Ditch the Ultra-Processed: Smart Food Swaps Every Woman Over 40 Should Know
I had the pleasure of writing a recent piece for FemmePharma’s blog on a topic I feel passionately about how ultra-processed foods (UPFs) are affecting our health, especially for women over 40 navigating the ups and downs of perimenopause and menopause. These foods may be quick and convenient, but their long-term impact on our wellbeing is anything but helpful.
Why Ultra-Processed Foods Deserve a Second Look
Ultra-processed foods have become a staple in many diets due to their convenience and taste. But mounting research shows that a high intake of UPFs is strongly linked to serious health issues like obesity, heart disease, type 2 diabetes, and even hormonal imbalances. For women in their 40s and beyond, cutting back on these foods can be a powerful step toward better energy, weight balance, and hormonal harmony.
What Exactly Are UPFs?
UPFs are industrial formulations made largely from substances extracted or derived from real food — like oils, sugars, starches, and proteins often with added preservatives, flavourings, emulsifiers and colours. Think: packaged snacks, sugary breakfast cereals, ready meals, fizzy drinks, and instant noodles.
They may be easy to grab, but they’re not doing your body any favours.
The Health Risks Linked to UPFs
Research continues to highlight the dangers of a diet high in ultra-processed foods, including:
Obesity and metabolic syndrome – UPFs are often high in sugar, salt, and unhealthy fats that promote fat storage and insulin resistance.
Cardiovascular disease – A diet heavy in UPFs is linked with higher cholesterol and blood pressure.
Type 2 diabetes – Their high glycaemic load spikes blood sugar, which over time can impair insulin sensitivity.
Hormonal imbalances – Many additives found in UPFs may interfere with hormonal regulation, which is especially problematic during menopause.
Simple Swaps for Better Health
Thankfully, you don’t have to give up flavour or satisfaction to eat well. Here are some practical swaps that make a big difference:
Instead of sugary cereals, try whole oats or bran flakes topped with berries.
Ditch the crisps, and snack on a small handful of almonds or seeds.
Swap fizzy drinks for water infused with lemon, mint, or cucumber.

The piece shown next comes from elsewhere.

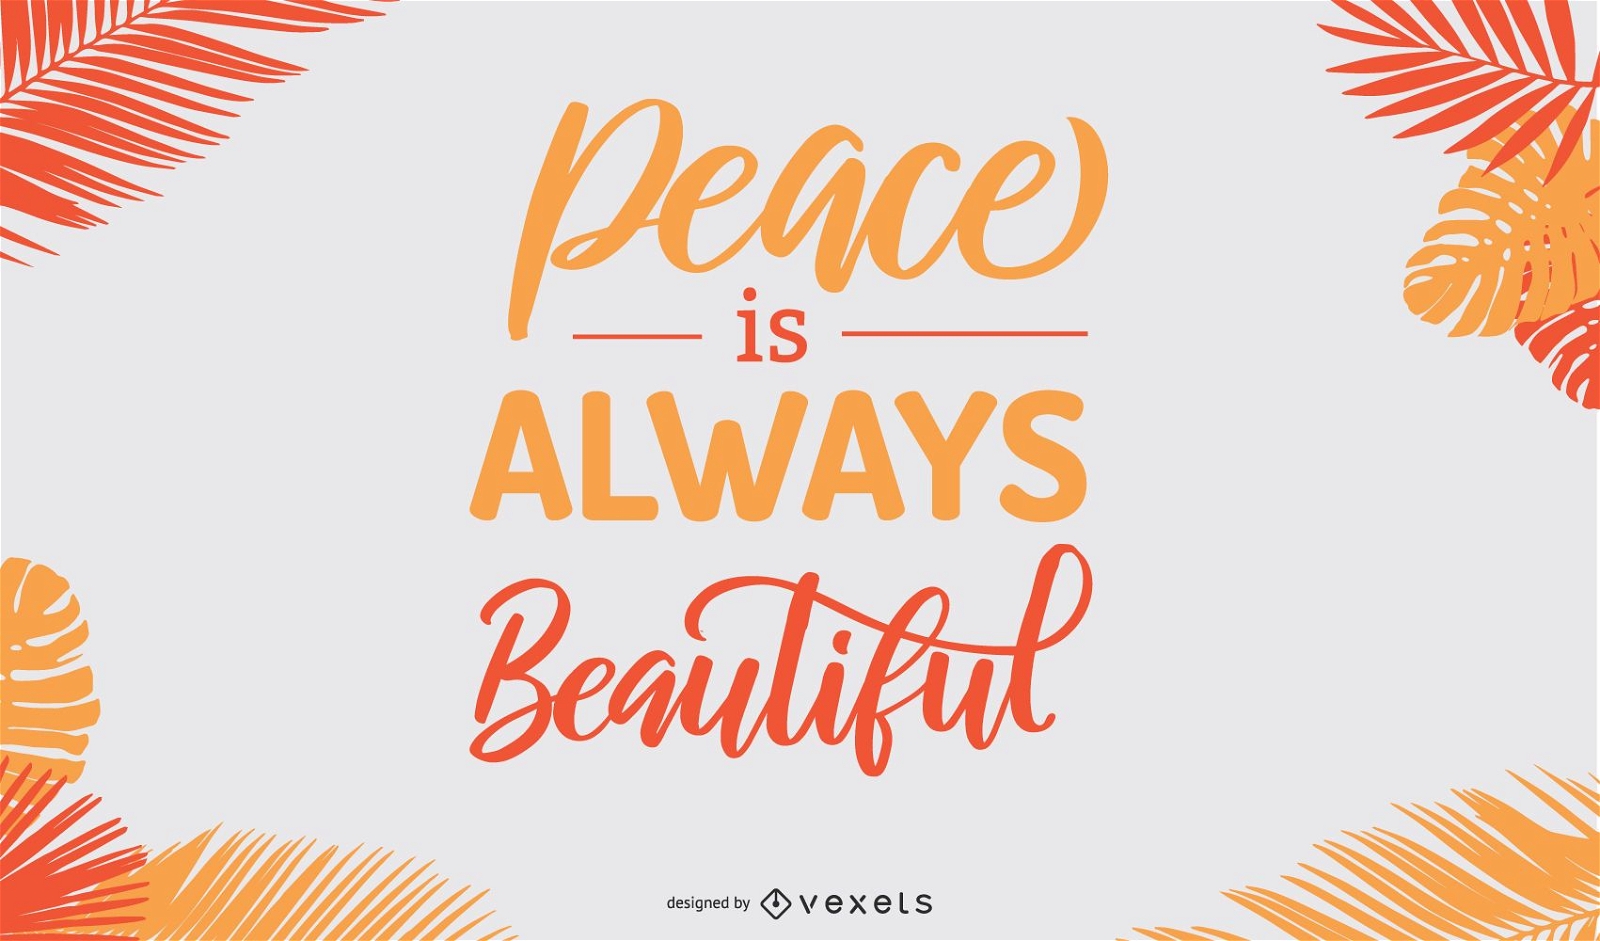 Peace is beautiful poster design

Skip the ready meals, and batch-cook simple dishes using fresh veg, herbs, and quality proteins.
Supporting Hormones with Food
In your 40s and beyond, food isn’t just fuel — it’s a tool to support your changing body:
Phytoestrogens in foods like flaxseeds and soy may help balance oestrogen levels.
Calcium and vitamin D are essential for bone strength — include dairy, leafy greens, or fortified alternatives.
Omega-3s from fatty fish, walnuts, and chia seeds support your heart, brain, and mood.
Eating well doesn’t have to be complicated just a little more mindful. Reducing your intake of ultra-processed foods and focusing on simple, wholesome ingredients can help you feel better, think clearer, and support your body through menopause and beyond.